**What is expected:** Reproduce every line in the listing that contains the word "Black".

** Opening Information supplied block **

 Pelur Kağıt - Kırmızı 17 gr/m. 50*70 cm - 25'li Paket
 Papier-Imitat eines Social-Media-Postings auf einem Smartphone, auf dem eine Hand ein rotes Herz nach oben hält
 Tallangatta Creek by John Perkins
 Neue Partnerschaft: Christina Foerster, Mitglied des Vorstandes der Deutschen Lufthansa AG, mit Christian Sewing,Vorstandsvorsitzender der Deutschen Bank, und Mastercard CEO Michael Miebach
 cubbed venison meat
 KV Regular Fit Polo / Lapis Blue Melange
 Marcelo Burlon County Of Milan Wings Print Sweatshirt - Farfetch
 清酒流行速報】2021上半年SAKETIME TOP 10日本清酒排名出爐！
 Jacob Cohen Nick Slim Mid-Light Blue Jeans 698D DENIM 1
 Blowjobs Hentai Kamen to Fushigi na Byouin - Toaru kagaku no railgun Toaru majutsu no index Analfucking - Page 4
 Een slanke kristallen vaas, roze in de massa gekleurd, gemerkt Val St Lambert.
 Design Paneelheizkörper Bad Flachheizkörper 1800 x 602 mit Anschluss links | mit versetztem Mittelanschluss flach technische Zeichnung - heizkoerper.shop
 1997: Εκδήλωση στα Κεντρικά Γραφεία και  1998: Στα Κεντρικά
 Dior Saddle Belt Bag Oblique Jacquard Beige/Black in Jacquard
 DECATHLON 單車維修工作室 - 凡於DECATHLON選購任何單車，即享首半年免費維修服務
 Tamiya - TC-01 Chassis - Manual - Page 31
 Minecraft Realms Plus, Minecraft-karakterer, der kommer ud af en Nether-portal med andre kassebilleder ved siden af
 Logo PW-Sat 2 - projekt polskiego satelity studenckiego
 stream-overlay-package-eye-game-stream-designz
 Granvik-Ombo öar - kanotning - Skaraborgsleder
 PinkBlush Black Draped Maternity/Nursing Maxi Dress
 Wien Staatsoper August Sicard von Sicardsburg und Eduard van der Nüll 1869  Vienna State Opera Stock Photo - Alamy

** Closing Information supplied block **

**Exercise output:**
 Dior Saddle Belt Bag Oblique Jacquard Beige/Black in Jacquard
 PinkBlush Black Draped Maternity/Nursing Maxi Dress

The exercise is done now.